PrEP prevents HIV – and so do TasP and condoms.
But they don’t all prevent other sexually transmitted infections (STIs).
If you or someone you know is sexually active find out more about vaccinations for sexual health!
Why get vaccinated?
Vaccination (also known as immunisation) is one of the most effective ways we have of preventing disease. Thanks to vaccines, many diseases like measles and polio are now rare in many countries. A vaccination will protect you for several years against an infection, including some infections that can be easily passed on when condoms are used.
What vaccines are available for sexually transmitted infections?
For some of the most common STIs, like chlamydia and gonorrhoea, vaccines aren’t available. But there is a vaccine that can prevent infection with human papilloma virus (HPV). Sometimes infection with HPV causes no harm, other times it leads to genital or anal warts, and in some other cases it causes cervical cancer, anal cancer or other cancers. Other vaccines can protect against hepatitis A and hepatitis B, two viruses that can cause liver disease.
What does getting vaccinated involve?
These vaccines may be available at a sexual health clinic or a GP. You’ll have a course of two or three injections in your arm, taken over a period of a few months. The number of injections and timing will depend on what you’re being vaccinated against, your clinic and what is convenient for you. To ensure that the vaccine works, it is important to come back for the follow-up injections.
Who can get the hepatitis vaccines?
The NHS recommends the hepatitis B vaccine for anyone with multiple sexual partners, particularly men who have sex with men and sex workers. The hepatitis A vaccine is recommended for men who have sex who have multiple sexual partners. People living with HIV, people who inject drugs, people travelling to countries where the viruses are often found, and people whose work could bring them into contact with an infection are also recommended to get vaccinated. There’s more information here and here.
Will the hepatitis vaccines protect me from hepatitis C?
Hepatitis A, B and C are not the same thing. These three viruses can all damage the liver, which is why they have similar names, but each virus is different. The vaccine for hepatitis A doesn’t work against hepatitis B, and the vaccine for hepatitis B doesn’t work against hepatitis A. Unfortunately there is no vaccine that will protect against hepatitis C.
Who can get the HPV vaccine?
In England, the NHS offers the HPV vaccine to girls aged 12 to 13 in secondary schools. This will protect them as they get older and start to have sex. Teenage girls who missed the vaccination at school can get it up to the age of 18. Click here to find out more about the NHS vaccination programme.

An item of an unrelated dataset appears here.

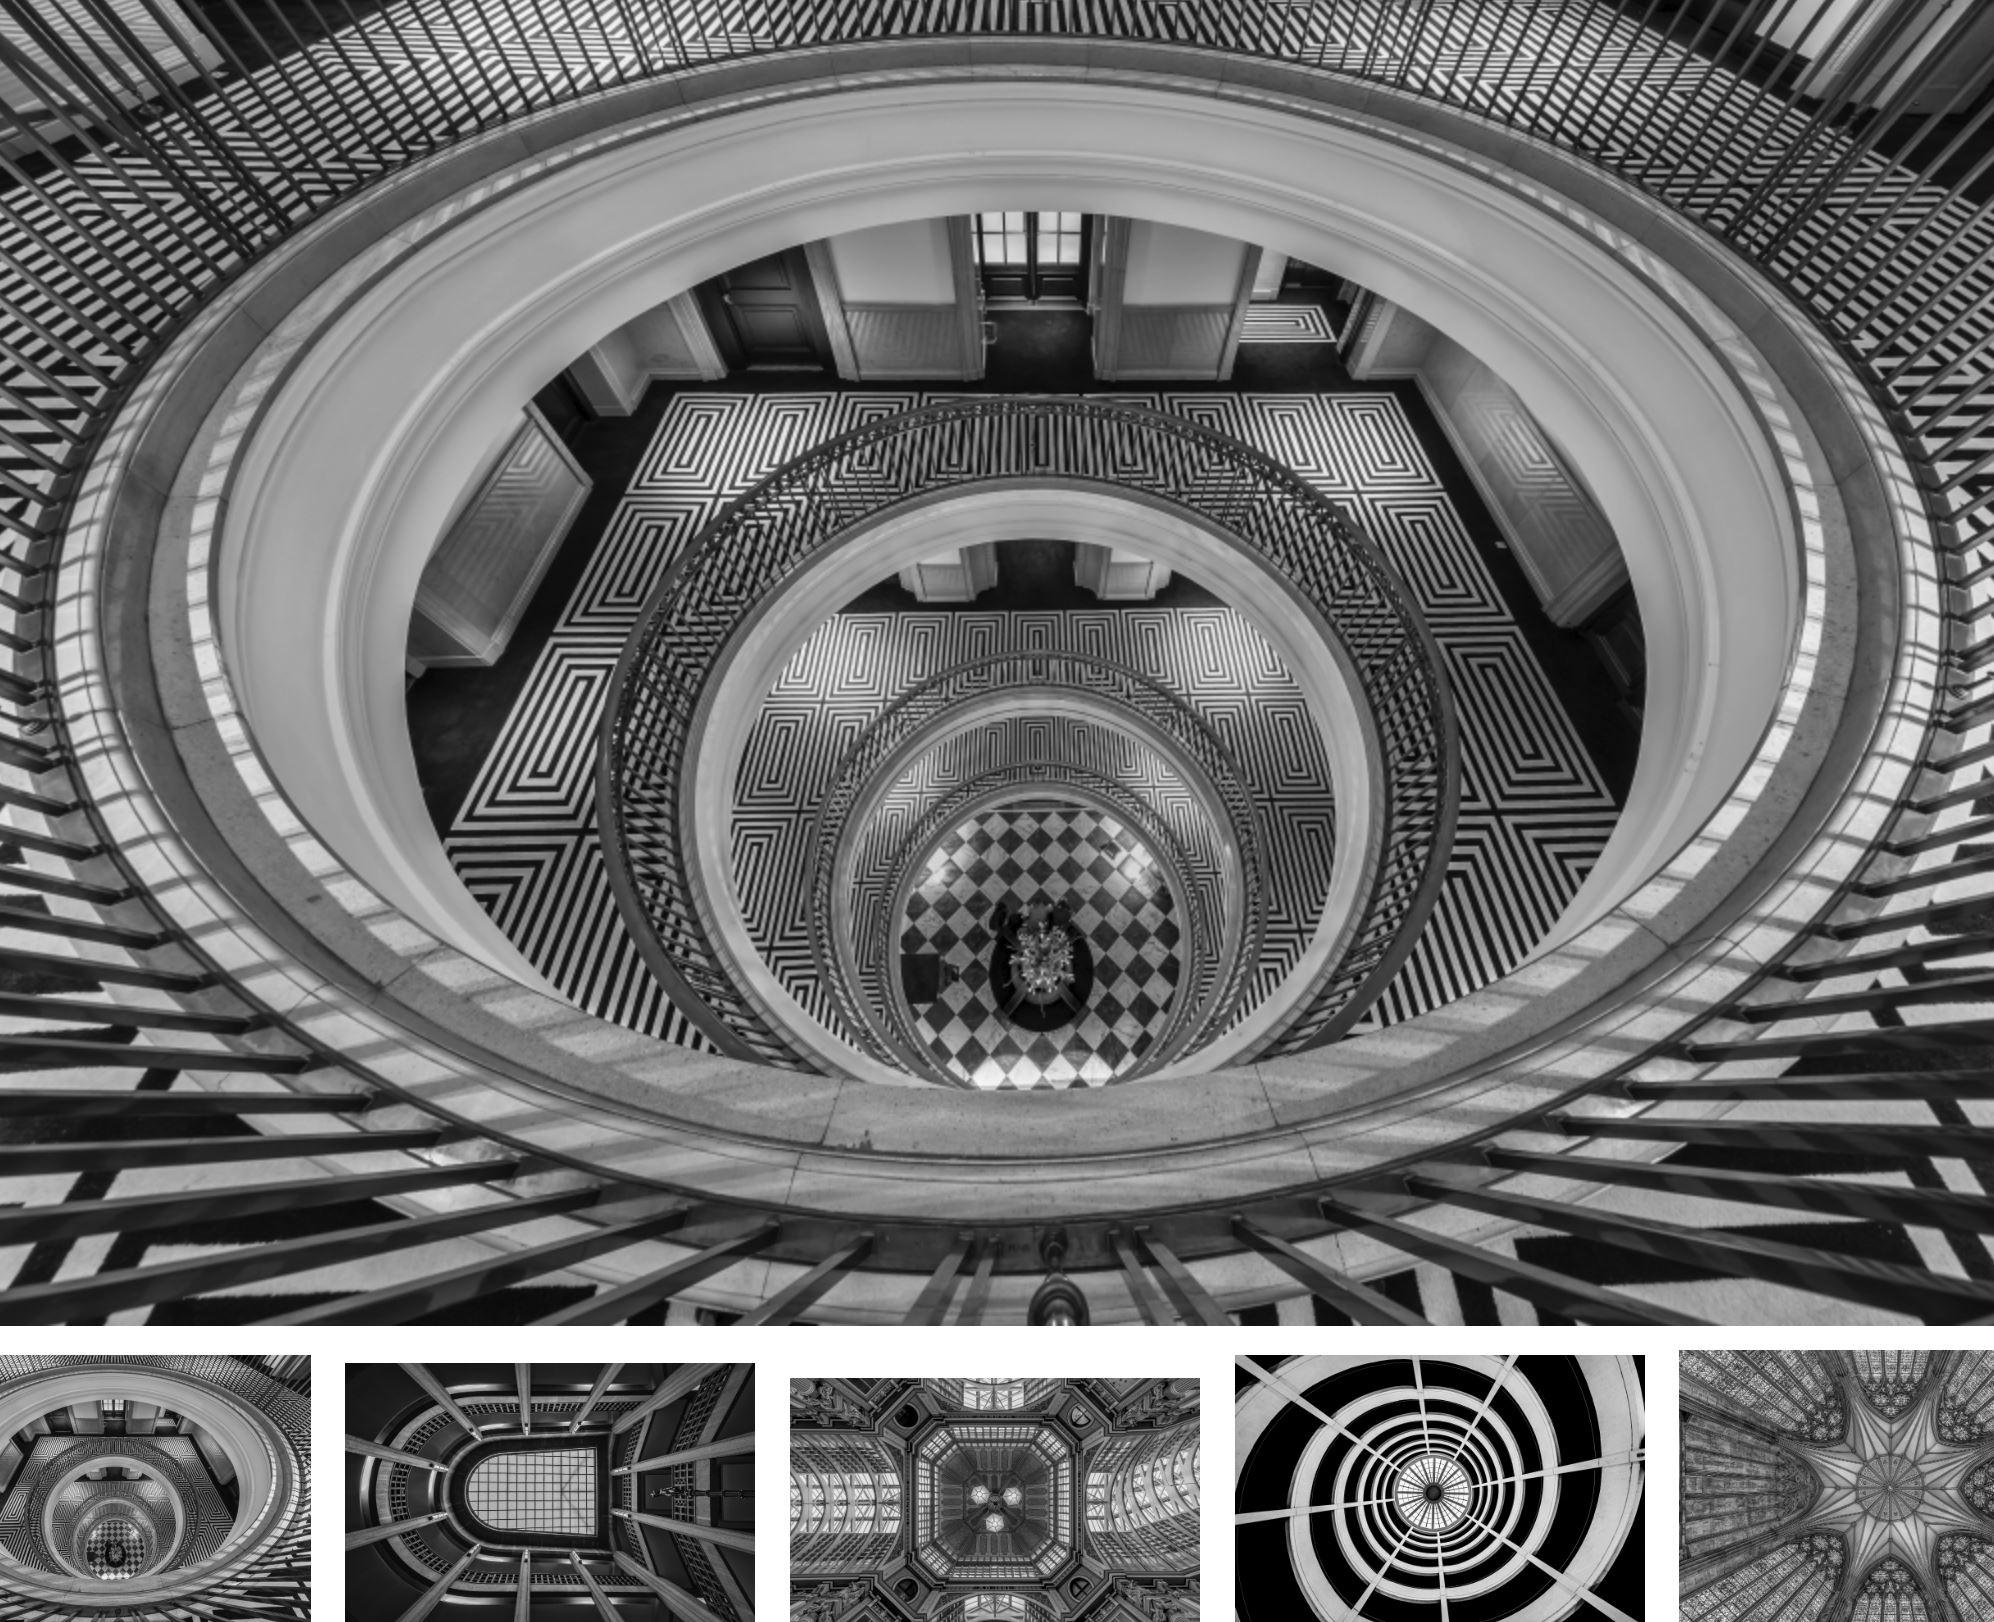 SilkeTüxenPhotographyFAPA 2018 2019 Architectural Style 14.04.JPG

Boys aren’t given the vaccine, but heterosexual boys and men will be indirectly protected through girls’ vaccination. Because future generations of women will have much lower rates of HPV, heterosexual men will be less likely to catch it from their sexual partners.
What about gay men?
PrEPster and many other campaigning groups don’t think the current policy is good enough. Vaccinating adolescent girls does nothing to protect boys who have same-sex relationships when they are older. It’s best to get vaccinated at a young age, before beginning to have sex. Offering the vaccine to all young people would ensure that they are all protected from HPV, whatever their sexuality turns out to be. Find out more here.
Can adult gay men get the HPV vaccine?
In England, the NHS currently has a pilot project to offer the HPV vaccine to men who have sex with men who are attending sexual health and GUM clinics. It’s only available to men up to the age of 45. If you are a patient or become a patient at one of the participating clinics, you should be able to get the HPV vaccine free of charge. The pilot project will evaluate whether this is a feasible and cost-effective way to provide the vaccine. There’s more information here, plus the list of participating clinics.
Can adults get the HPV vaccine any other way?
A lot of private health clinics can provide a course of HPV vaccinations, costing between £400 and £600 in total. If you are paying privately, it’s worth checking which vaccine product the clinic will provide, as products that protect against more strains of HPV provide more protection. Cervarix protects against two strains, Gardasil (which the NHS uses) protects against four, and Gardasil 9 protects against nine.
Why can’t older adults get the HPV vaccine?
The HPV virus is very common and is easily spread by sexual activity – most adults have already been exposed to some strains of HPV. If you already have multiple strains of HPV, vaccination will protect you from strains you don’t yet have, but can’t do anything about the strains you already have. That’s why it’s best to have the vaccine at as young an age as possible, before being exposed to HPV.
What about meningitis?
Invasive meningococcal disease is a rare but serious bacterial infection. In recent years, there have been small outbreaks among gay men in some American cities, as well as in Berlin and Paris. If you are a gay man who often meets sexual partners when travelling, there could be benefits to getting vaccinated. The NHS doesn’t usually provide the vaccine to gay men, but it is available to people under the age of 25 who weren’t vaccinated as a child and also at travel clinics for people visiting some African and Middle Eastern countries.
Can people living with HIV take these vaccines?
The vaccines for HPV, hepatitis A, hepatitis B and meningitis are safe for people living with HIV.